Tiga Tim Paduan Suara Asal Indonesia Berhasil Menyabet Gelar Juara di Ajang Paduan Suara di Spanyol

Tim paduan suara dari Indonesia kembali menancapkan kukunya di kancah internasional. Kali ini, Canta al Mar Festival Coral Internacional yang menjadi tempat mereka meraih prestasi yang membanggakan, Festival internasional paduan suara di Spanyol ini diikuti ratusan bangsa dan berlangsung dari 19-23 Oktober 2016 lalu.

Mengutip dari laman Interkultur, Sabtu (05/11/2016), tim Paduan Suara Universitas Diponegoro berhasil memboyong beberapa penghargaan.Tim tersebut menang di kategori Mixed Choirds Difficulty Level I dengan konduktor Jefry Franklin Bode serta Sacred Choir Music a Cappella dengan konduktor yang sama.

Dari beberapa lagu yang ditampilkan, lagu aktor Poros & Soleram da-ri Dayak dan Riau membawa tim tersebut berhasil merebut gelar juara.

Sementara itu, tim Paduan Suara the London School of Public Relations juga berhasil menyabet beberapa gelar juara.

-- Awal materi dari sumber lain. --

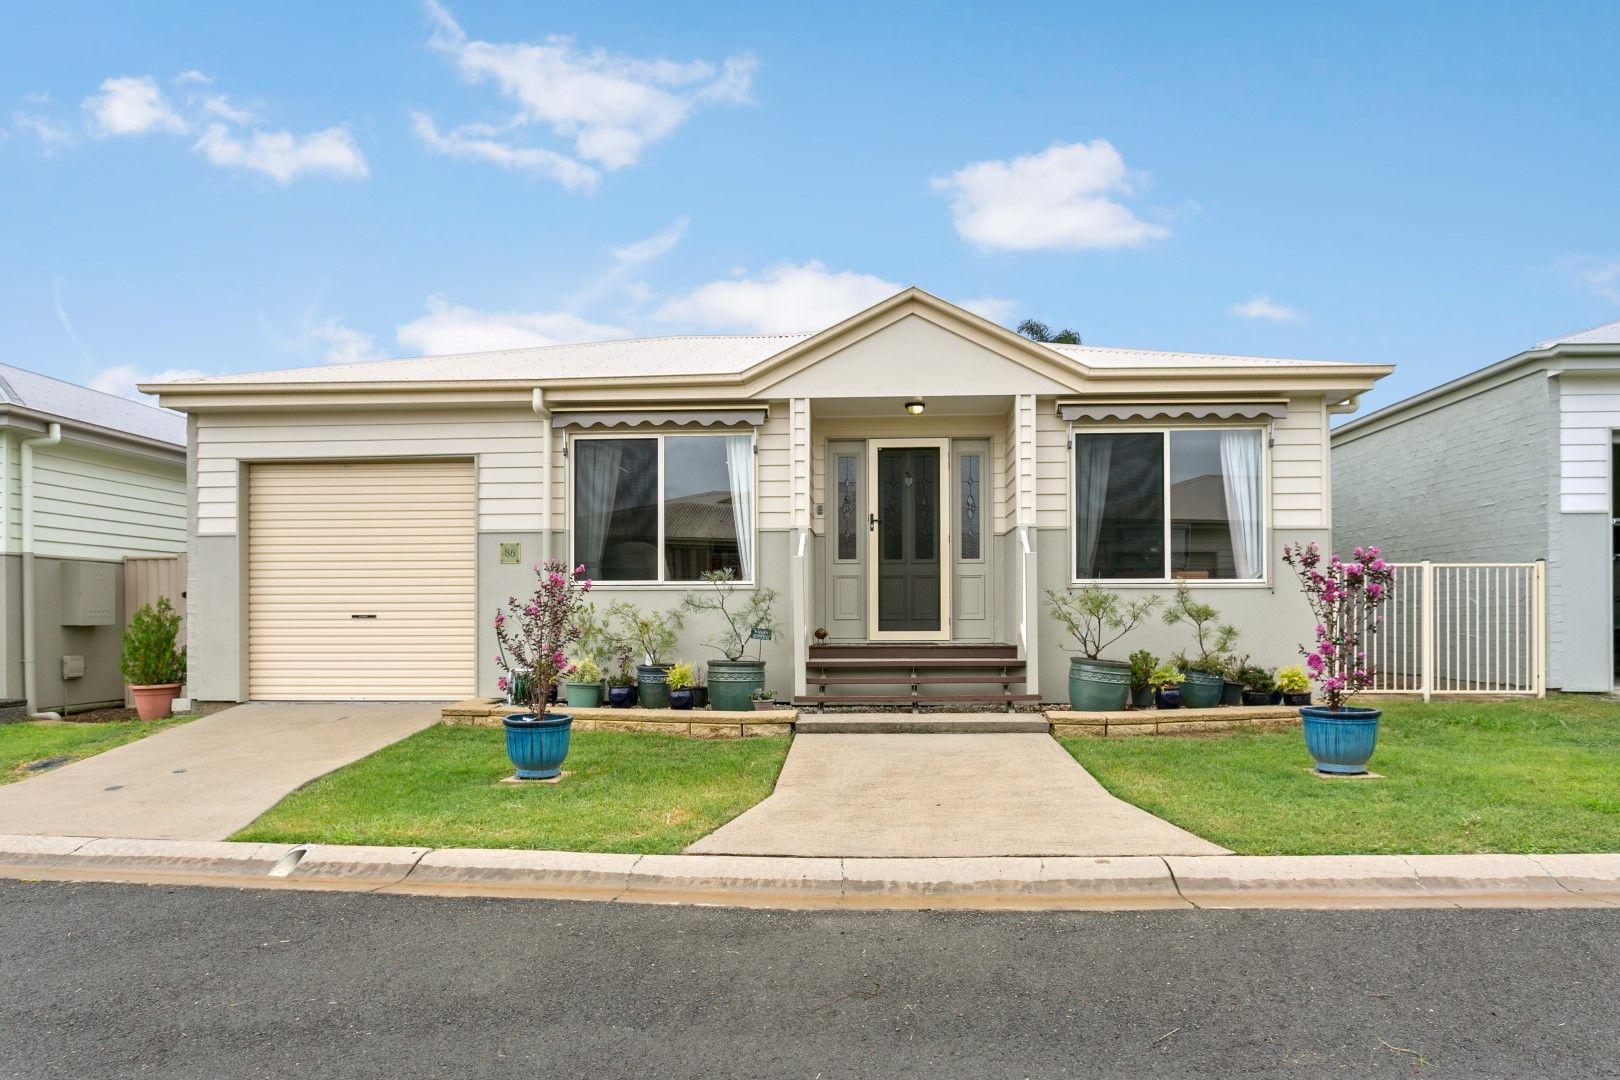 86/45 Sealy Street, Silkstone QLD 4304, Image 0

Tim yang satu ini memenangkan juara di kategori Folklore dengan konduktor Giovanni Tomasowa serta kategori Pop dengan konduktor yang sama.

Seperti nggak ingin kalah, tim Paduan Suara Iyakoko Patea dari Papua pula menyabet beberapa gelar. Kelompok paduan suara di bawah pimpinan Choky Maradong Simanjutak ini memperoleh Gold Diploma Level III & Runner Up utk kategori Mixed Chamber Choir serta Silver Diploma Level X utk kategori Folklore.

Paduan suara dari kota Timika itu membawakan sejumlah lagu, yakni Stetit Angelus, Bogorditse Devo, O Beatum et Sacrosantum Diem, Sagastipean, Pujilah Tuhan, Tapare, Wor, & Weane. Canta al Mar Festival Coral Internacional sendiri ialah kegiatan utama dari kalender Interkultur.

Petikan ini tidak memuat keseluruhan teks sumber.